Недоуменная пауза – и Вика взвыла от восторга. Смех чуть не задушил ее. Кое-как справившись с кашлем, она жестом попросила воды. Опорожнив кружку до дна, спросила:
– Ты откуда такой взялся? С Луны?
– Нет, – серьезно ответил Кронид. – Из созвездия Орион.
– Да-а-а? – протянула Вика. С шизиком она еще не трахалась. – И зачем ты здесь? Сделать мне ребенка? А ты умеешь?
– Я многое умею, – с достоинством сказал Кронид. Он обуздал себя, и прелести Вики его больше не мучили.
– А как насчет ребенка? – вела свою игру дотошная Вика. – Пообещал и не приступил. Тело остывает, давай!
– Я сразу вспомнил, – степенно говорил Кронид, – что именно нужно сделать от бесплодия.
– Так ты врачеватель, – растягивая слоги, догадалась наконец Вика, и новая игра открылась ей.
– Да, я могу врачевать любые болезни, – подтвердил Кронид. – Необходимо найти уязвимые точки на теле больного человека и повлиять на них.

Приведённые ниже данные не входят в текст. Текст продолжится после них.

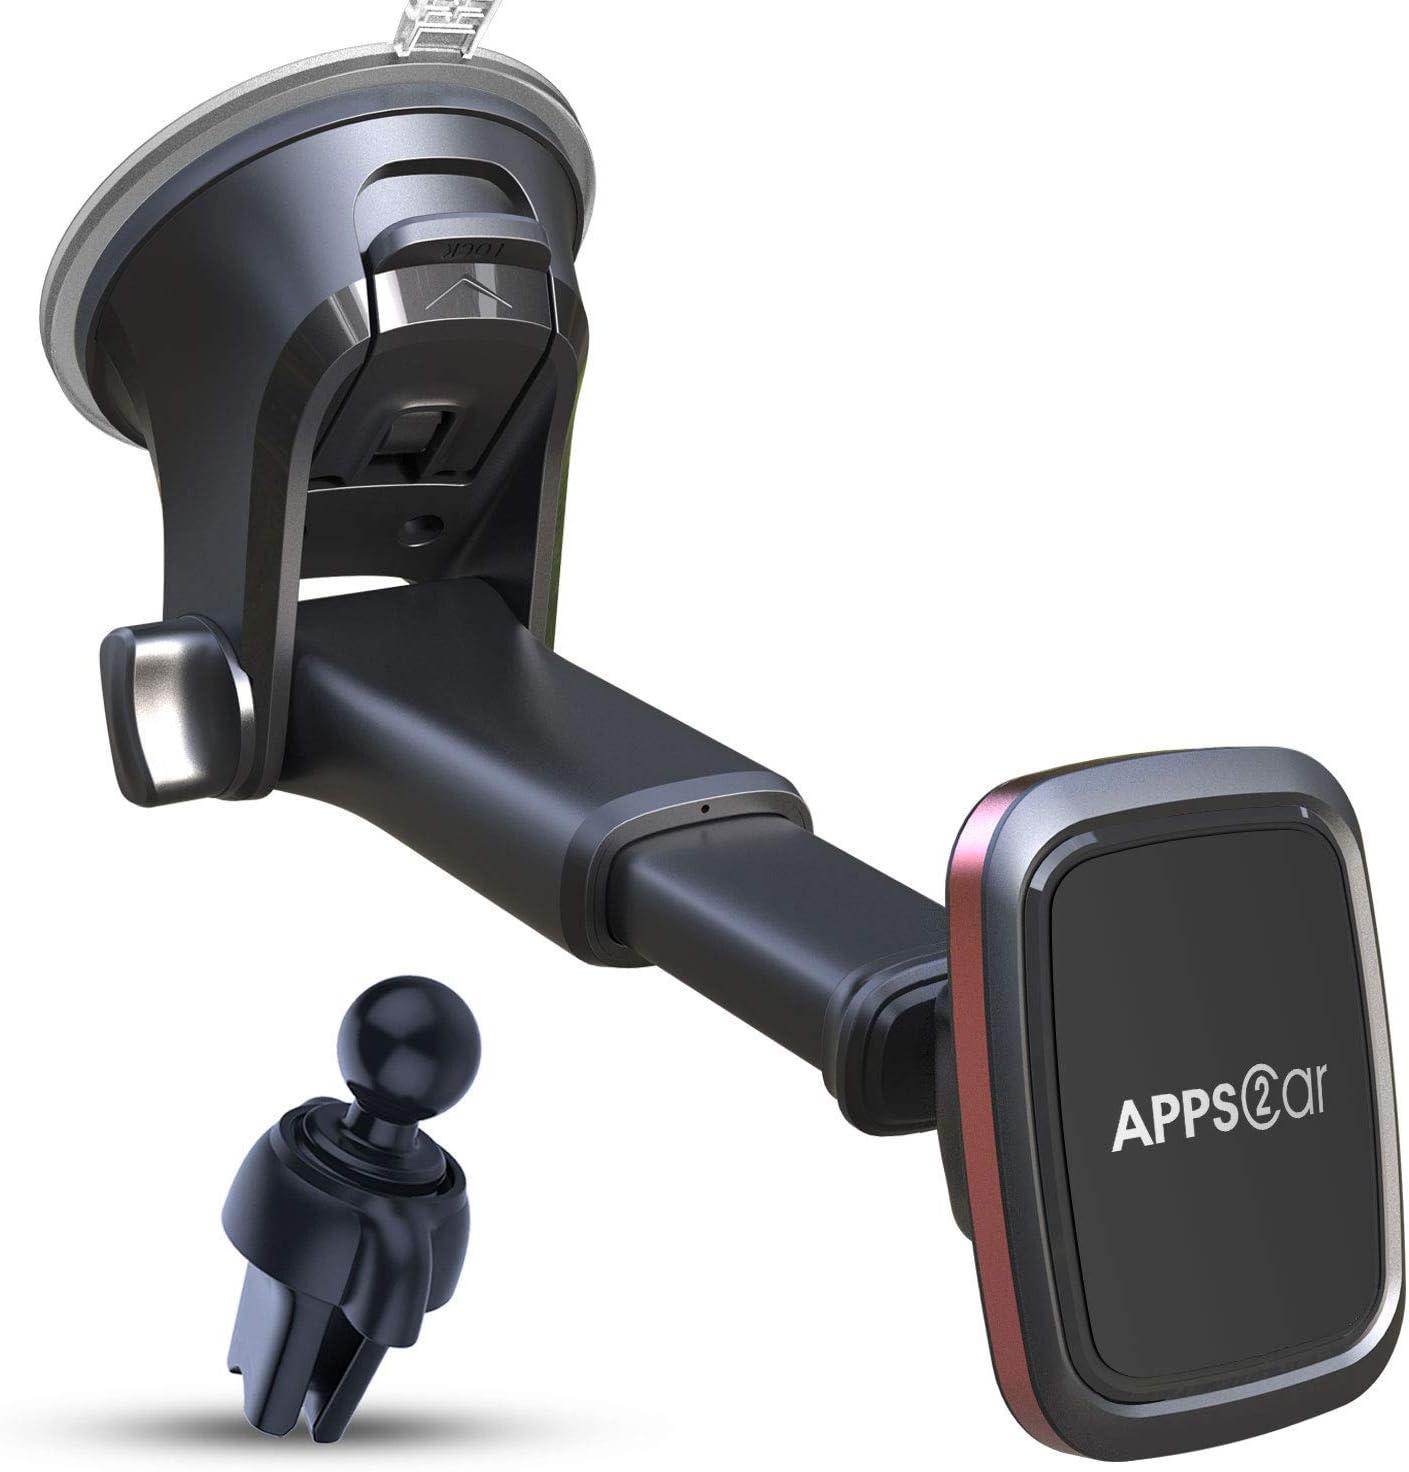 Car Phone Mount Holders 2 Pack Alquar 360/° Rotation Universal Stick on Dashboard for GPS Navigation 4351484832
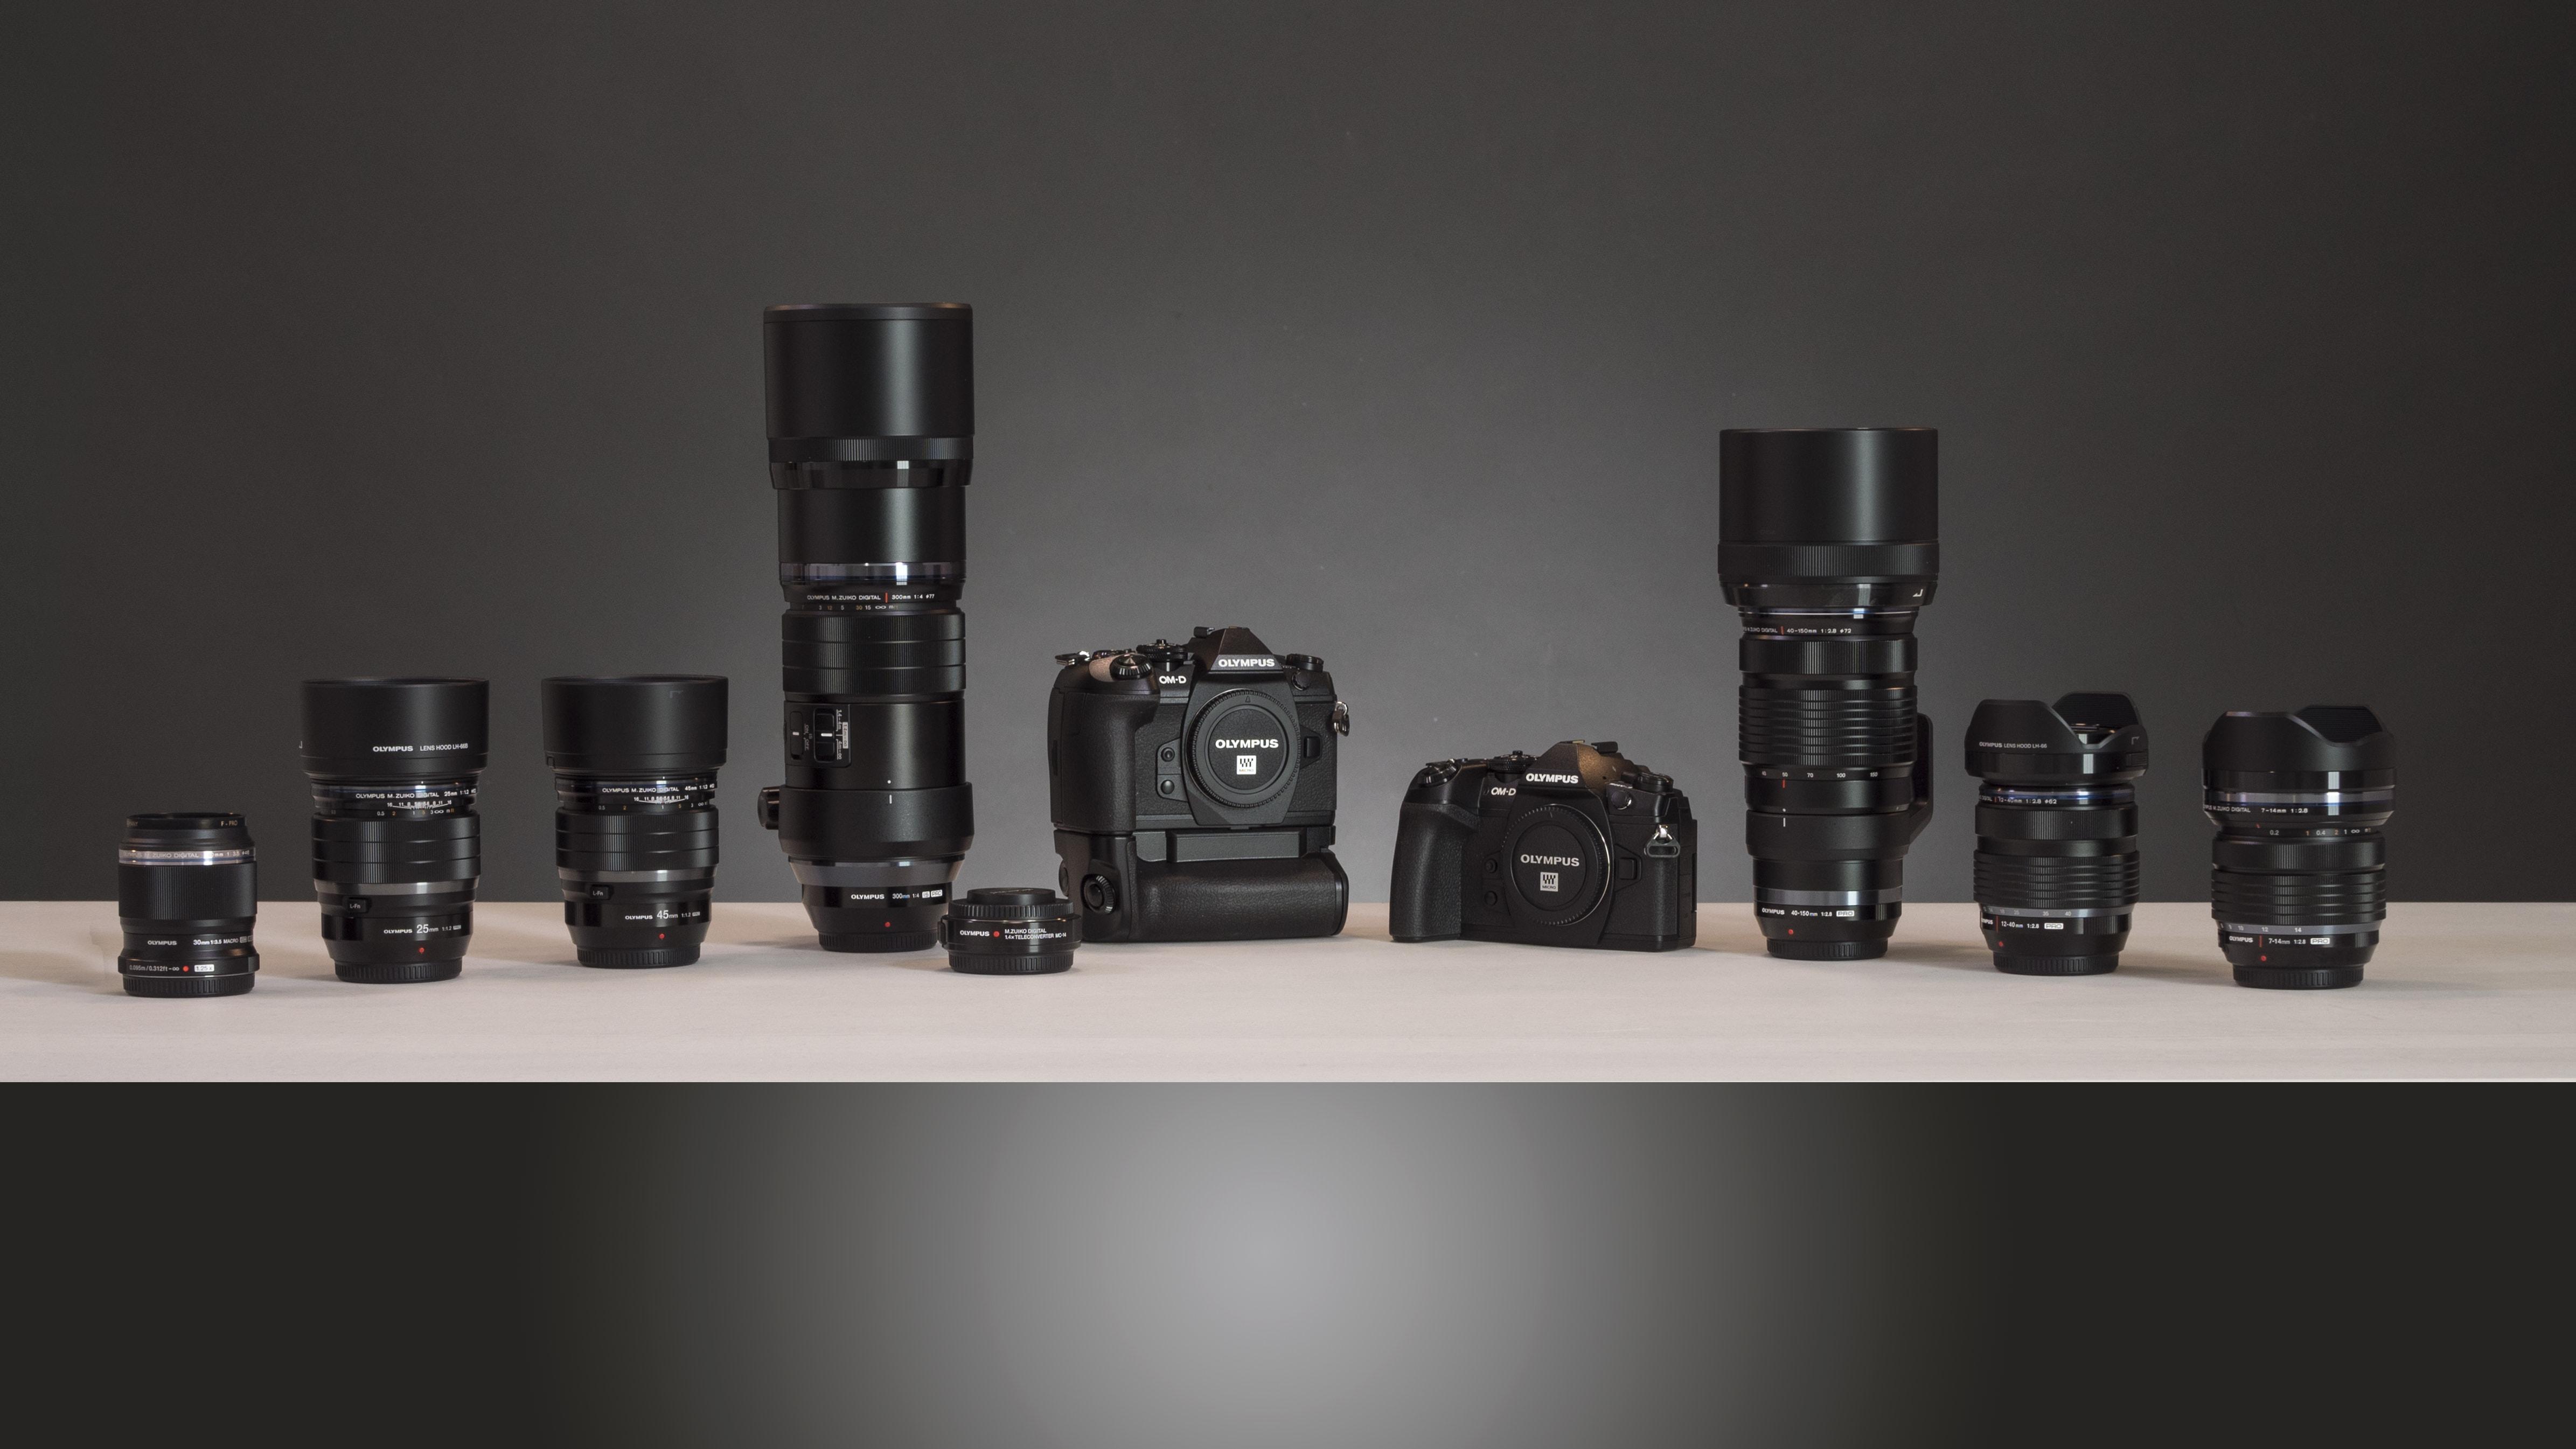 My Olympus Camera Kit

– Любые не надо, – соображала Вика. До сих пор ни один мужчина не мог так долго сопротивляться ей. Ну, поигрались и будет. Или ее умно дурачат? Не может же этот красивый и взрослый парень в самом деле оказаться девственником. Сейчас такие профуры вокруг, ей не чета, так изловчатся, что ухо подставят не моргнув глазом.
Она решила подыграть ему:
– Вылечи меня от бесплодия. Мне говорили о тебе, вот я и пришла за помощью.
– Хорошо, – вежливо согласился Кронид. Слава Богу, и для него все прояснилось. – Ложитесь удобнее.
– Ну наконец-то! – обрадовалась Вика и, удобно расположившись на ложе, прикрыла глаза. Ей повезло. Этот милый лопушок знает только «пирожок», но это приятнее приевшихся фигурных поз и технических наскоков ее обильных партнеров.
– Ну, что же ты медлишь? – прошептала Вика, сгибая ноги в коленках. – Иди же, иди…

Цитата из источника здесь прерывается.